Federal prosecutors charged John Douglas Allen yesterday with “extortion and attempting to destroy a building and accused him of leaving pipe bombs and threatening letters in locations across northern Michigan and the Upper Peninsula,” the Detroit News reports.

The 75-year-old retired miner lives in Whittemore, Michigan. The FBI reports that its investigation revealed the use of homemade bombs, coded letters, spy cameras and counter-surveillance tactics.

Federal court records, the Detroit News reports, “allege Allen was motivated to plant the bombs at various cell towers because he was angry that telecommunications companies broadcast pornography, cursing and ‘immoral content.’”

The FBI said Allen “was charged almost one month after the first of several letters was also found inside a polka-dotted envelope, packaged inside a sealed zip lock bag near a telecommunications tower in St. Ignace, north of the Mackinac Bridge.”

'Cease Distributing Immoral Content'

The letters were sent from a supposed “Coalition for Moral Telecommunication (CMT)” and addressed to several companies, including AT&T and Verizon.

The letters, the Detroit News reports, “claimed CMT had almost 30 members who were ‘prepared to travel throughout this Country and begin distroying (sic) inner city tower communication,’ unless several demands were followed, according to an FBI affidavit filed in federal court. The demands included a $5 million payment and that the telecommunication companies cease distributing ‘immoral content,’ including pornography, cursing and ‘all manner of indecent communication.’”

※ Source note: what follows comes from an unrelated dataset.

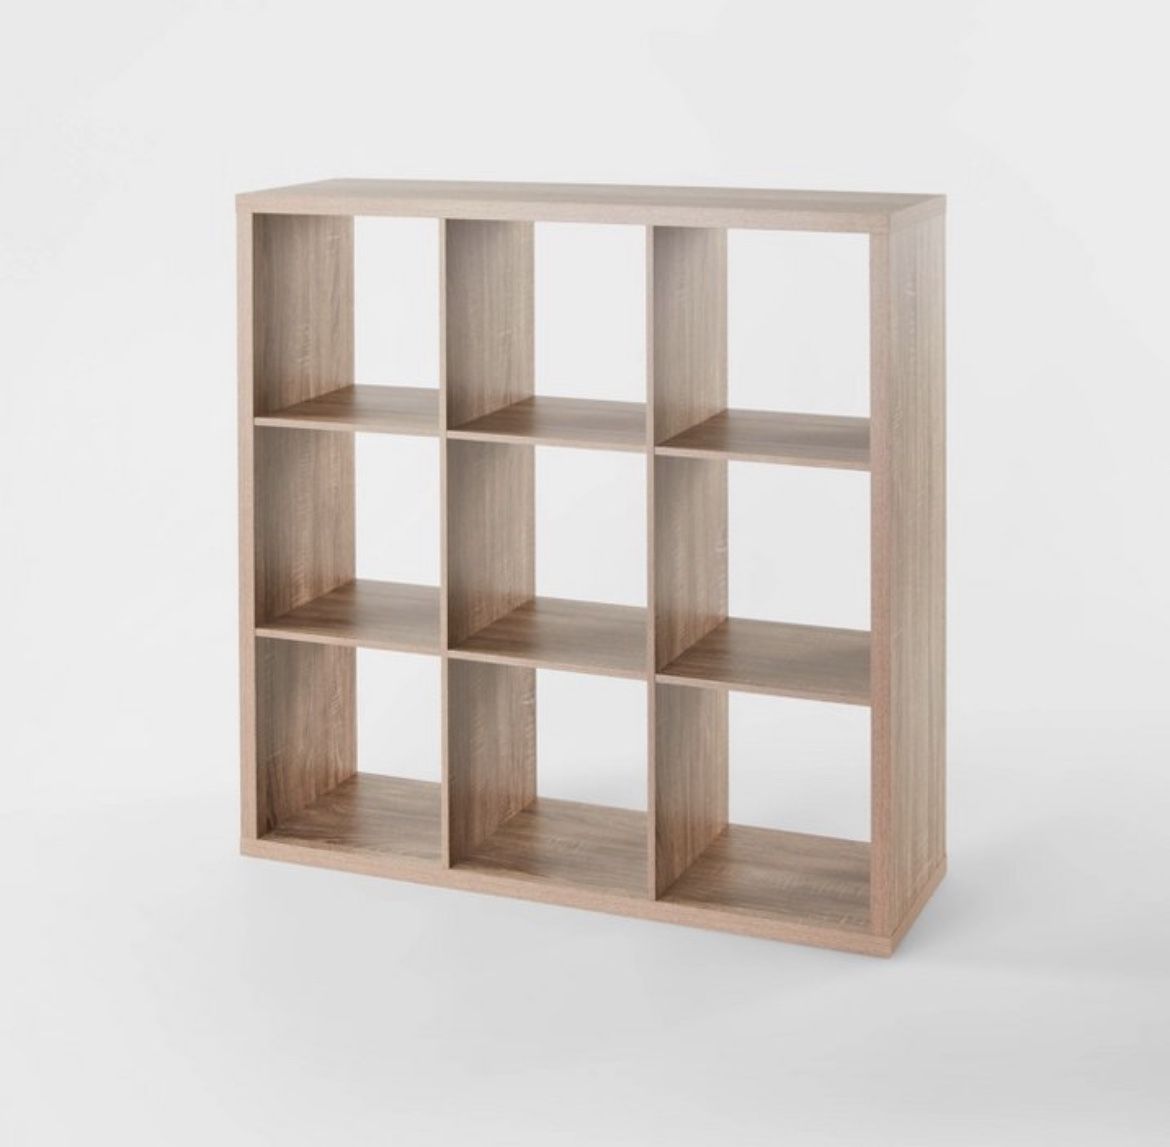 Cabinet/Shelf/ Cubed Organizer

Allen’s arrest comes only a few months after the Atlanta massage parlor massacres in May. The man indicted for those murders, Robert Aaron Long, stated that his motive was his perceived “sex addiction,” which his family had tried to treat at religious “re-education centers” that preach shame-based sexual concepts. Long told the police he murdered the massage parlor employees because he wanted to “eliminate the temptation” and he added that at the time he was arrested he was actually heading to Florida to inflict more violence on “pornography sets.”